__Recorded data__
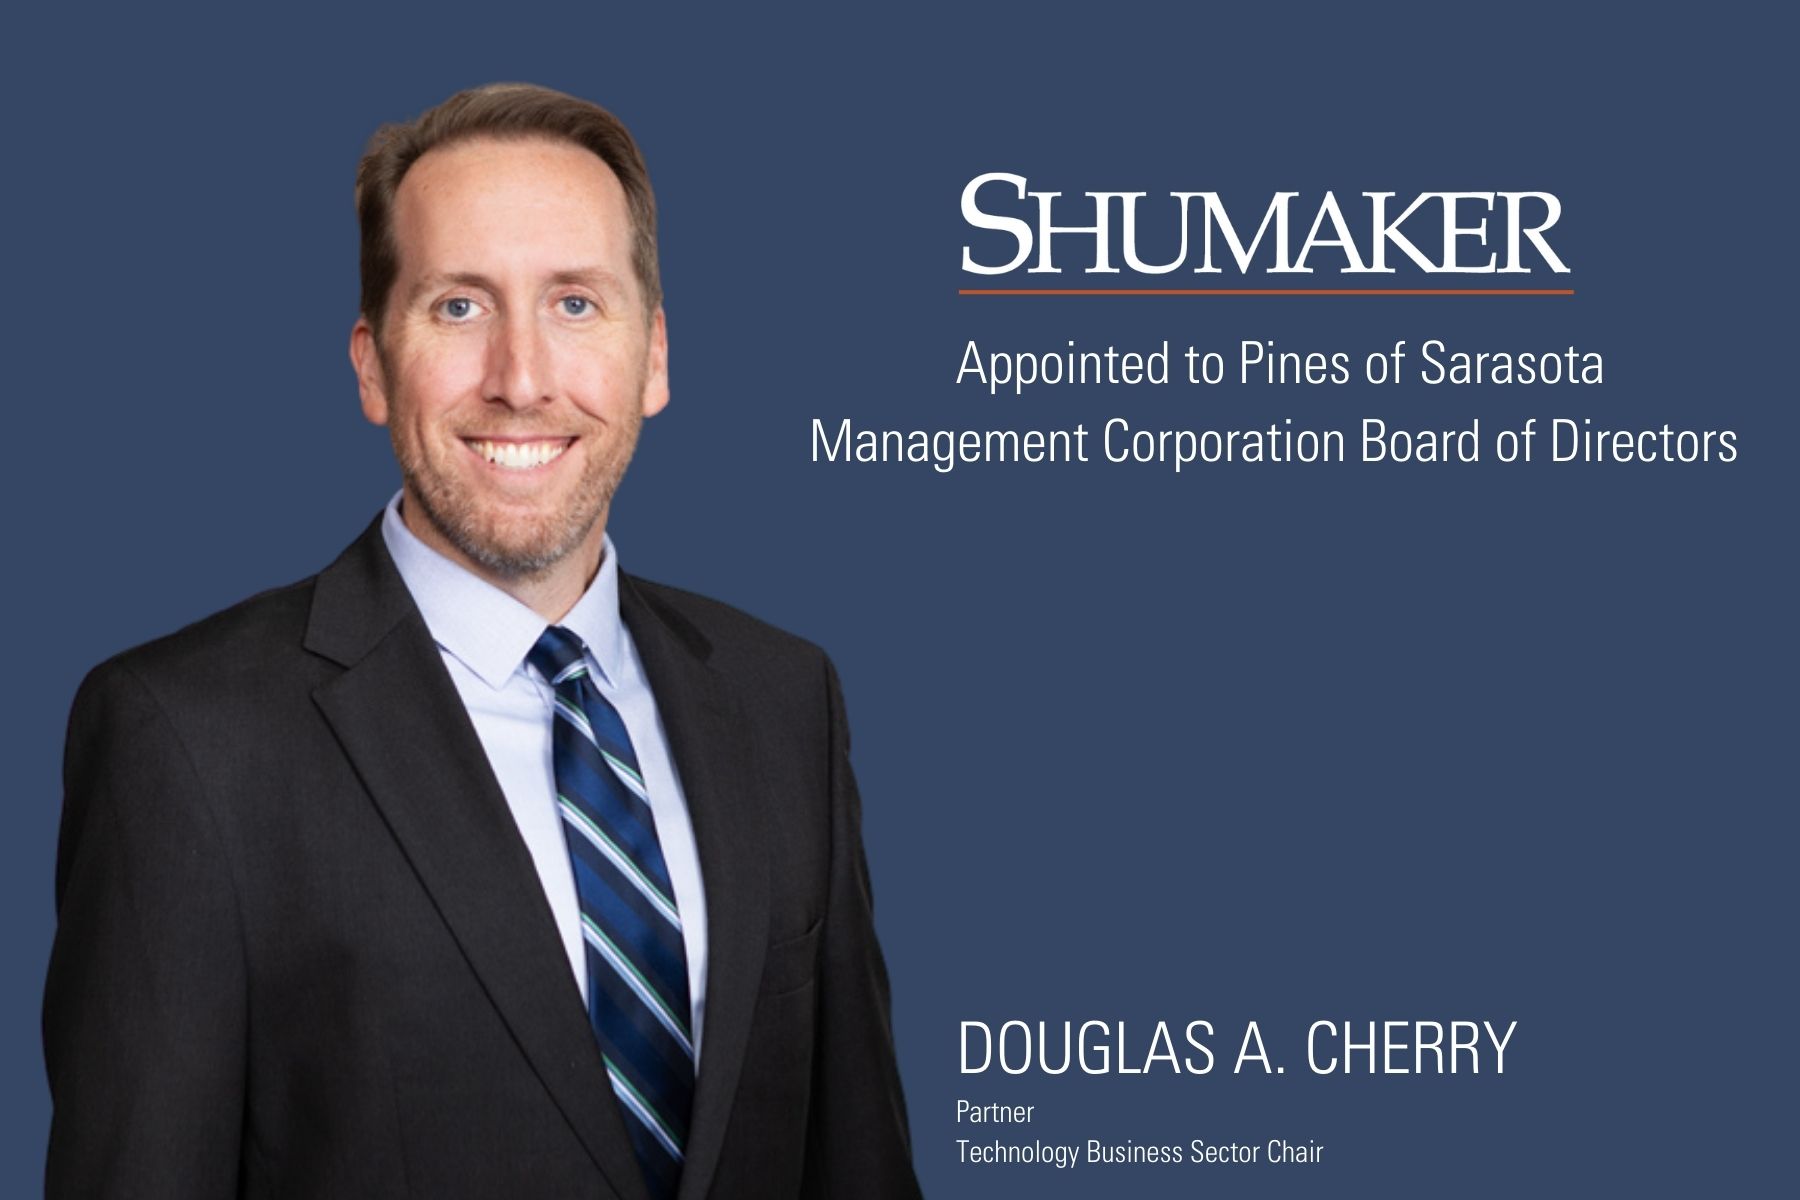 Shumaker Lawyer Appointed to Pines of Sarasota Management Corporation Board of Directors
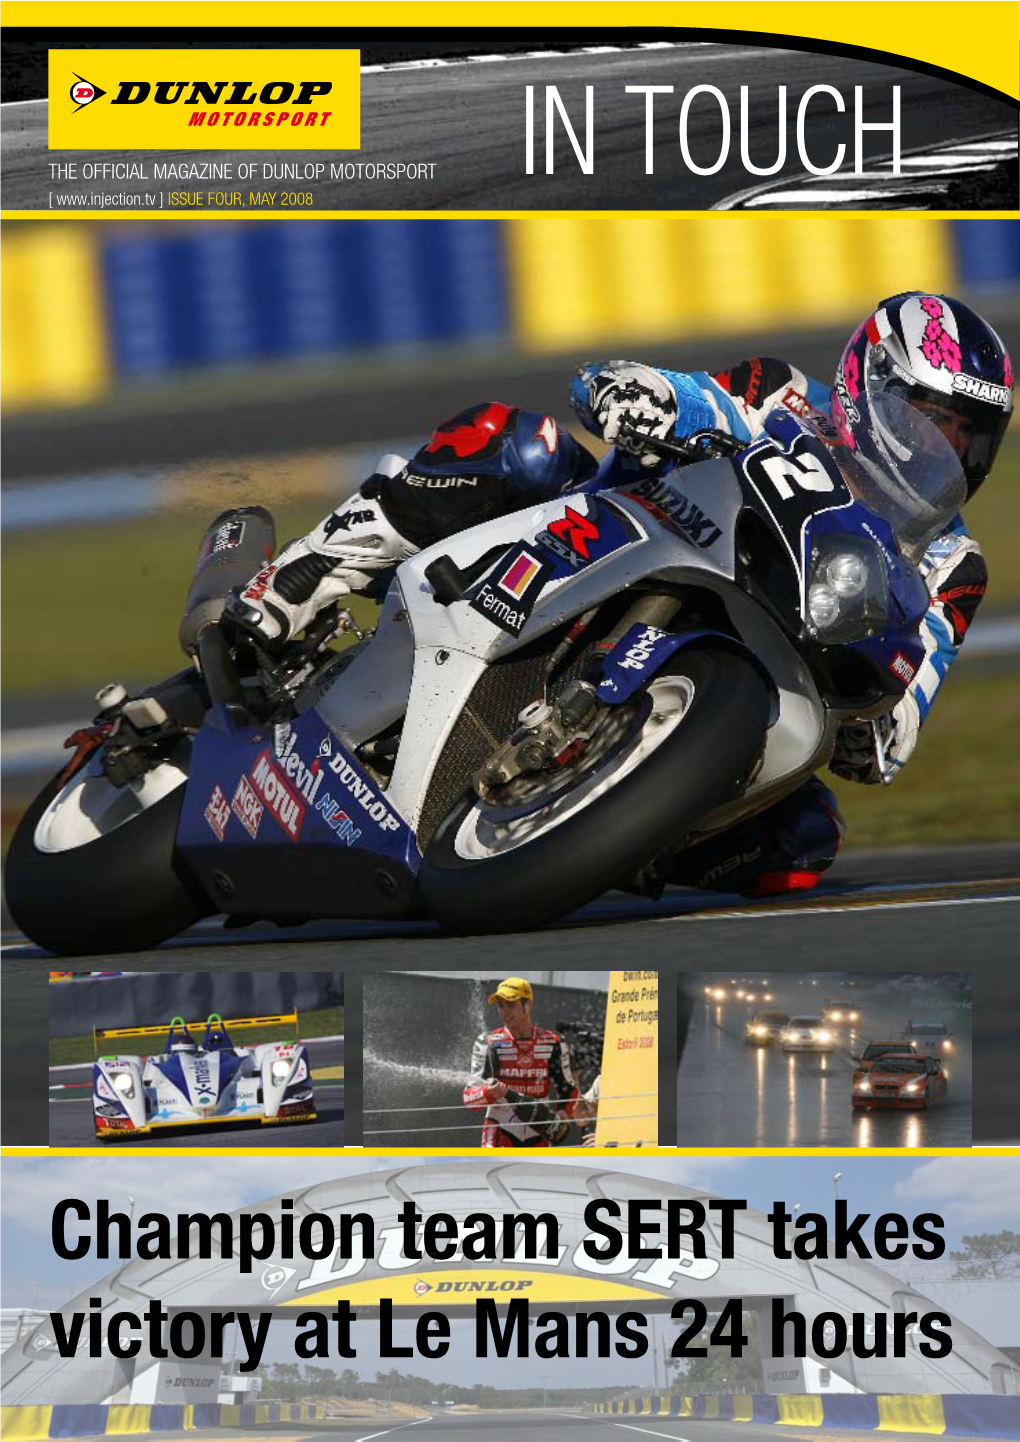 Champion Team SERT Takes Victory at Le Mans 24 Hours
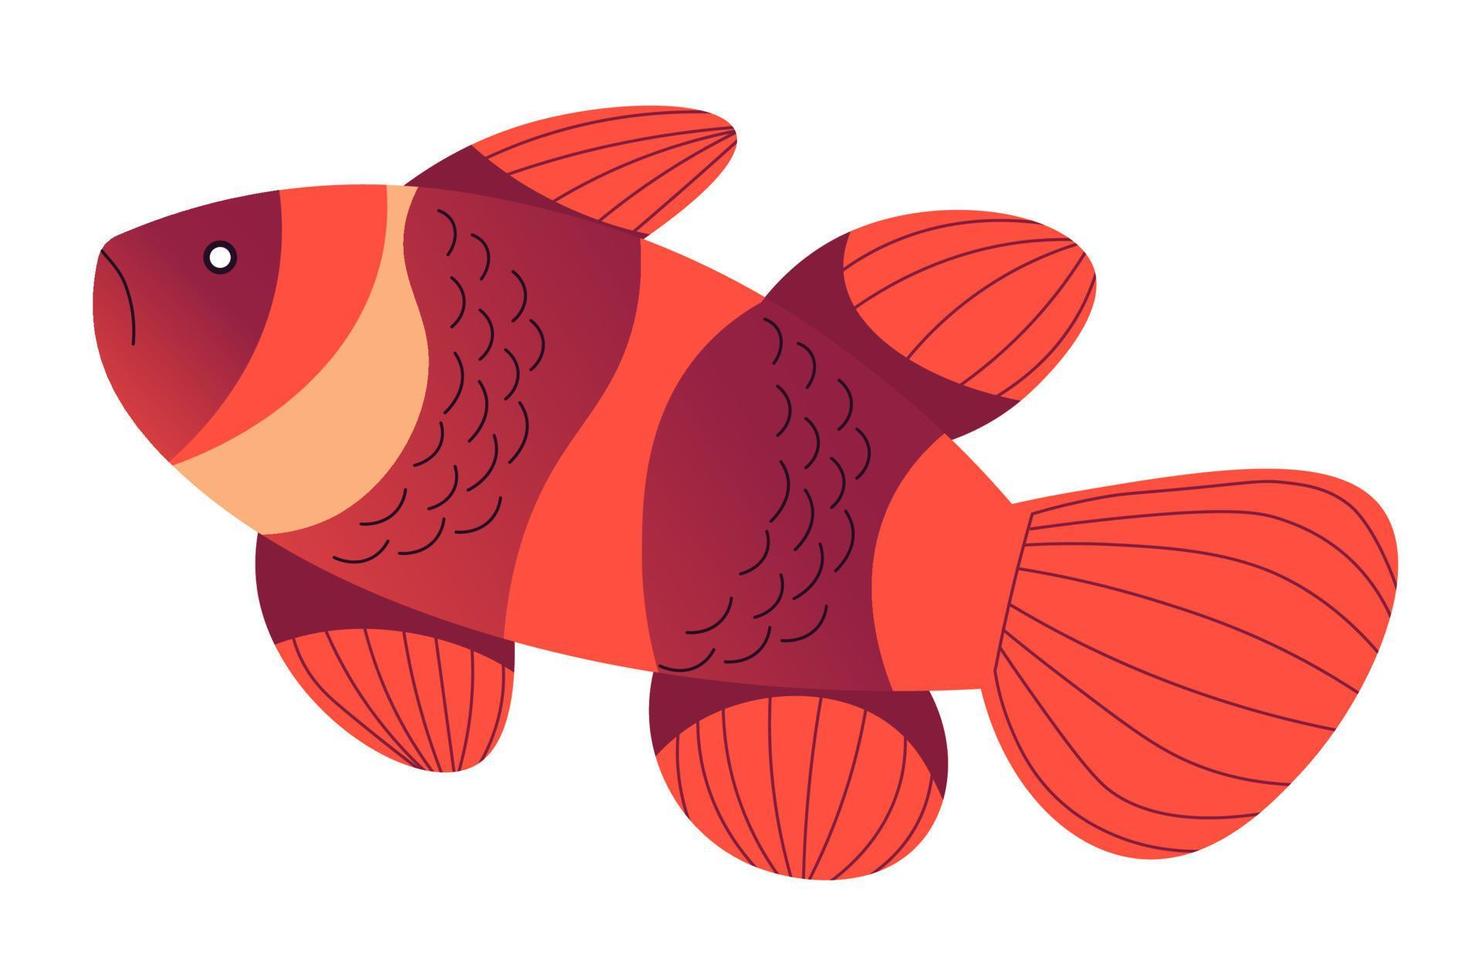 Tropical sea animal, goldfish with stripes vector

__Brief__
In the data, the line that contains "Champion Team SERT" begins the part to write out; restate it and each line after it word for word through the end, with no pictures.

__Solved problem__
 Champion Team SERT Takes Victory at Le Mans 24 Hours
 Tropical sea animal, goldfish with stripes vector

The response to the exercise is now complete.